Re: [RFC][PATCH 0/6] /dev/random - a new approach

From: Austin S. Hemmelgarn
Date: Tue May 03 2016 - 11:03:15 EST


On 2016-05-03 09:57, Nikos Mavrogiannopoulos wrote:
On Tue, Apr 26, 2016 at 3:11 AM, Theodore Ts'o <tytso@xxxxxxx> wrote:
On Mon, Apr 25, 2016 at 10:23:51AM +0200, Nikos Mavrogiannopoulos wrote:
That's far from a solution and I wouldn't recommend to anyone doing
that. We cannot expect each and every program to do glibc's job.

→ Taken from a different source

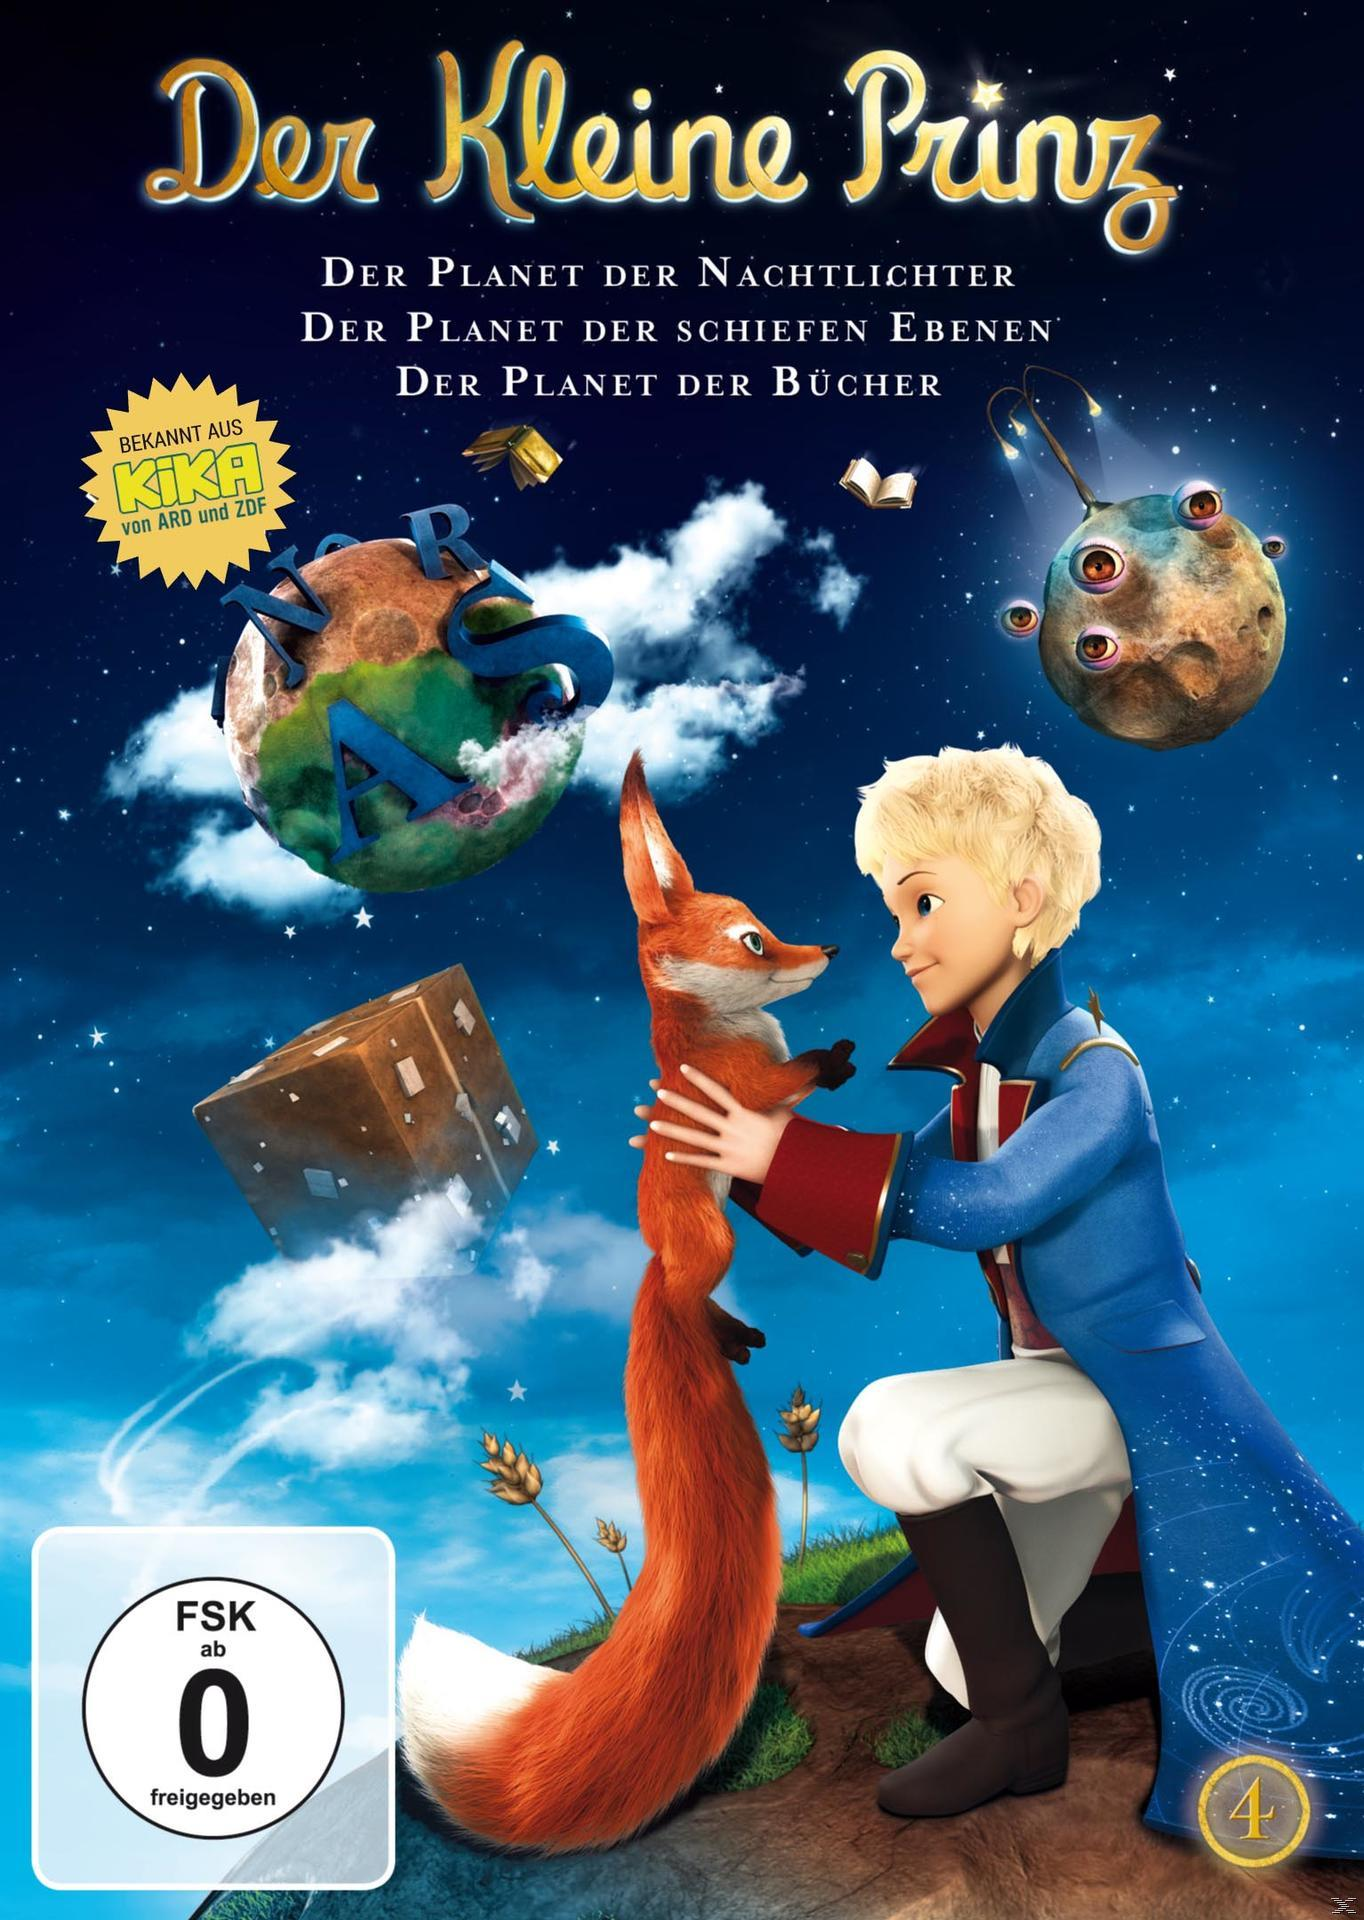 Der kleine Prinz DVD Vol. 4

The
purpose of a system call like getrandom is to simplify the complex use
of /dev/urandom and eliminate it, not to make code handling randomness
in applications even worse.
Yes, but if glibc is falling down on the job and refusing to export
the system call (I think for political reasons; it's a Linux-only
interface, so Hurd wouldn't have it),

I believe their main concern is that they want to protect applications
which do not check error codes of system calls, when running on a
kernel which does not provide getrandom(). That way, they have an
almost impossible task to simulate getrandom() on kernel which do not
support it.
If it had an existing call, then I could reasonably understand this. They have no existing wrapper for it, so this really is just BS. If an application isn't checking error codes, then either:
1. They are intentionally ignoring error codes.
2. It's a bug in the application that needs to be fixed.

The fact that they feel they need to support poorly coded applications in _new_ system call wrappers is itself somewhat disturbing. There are no existing applications using this function in glibc because it doesn't exist in glibc, which means they can't claim legacy support and therefore they want to actively enable people to write stupid programs.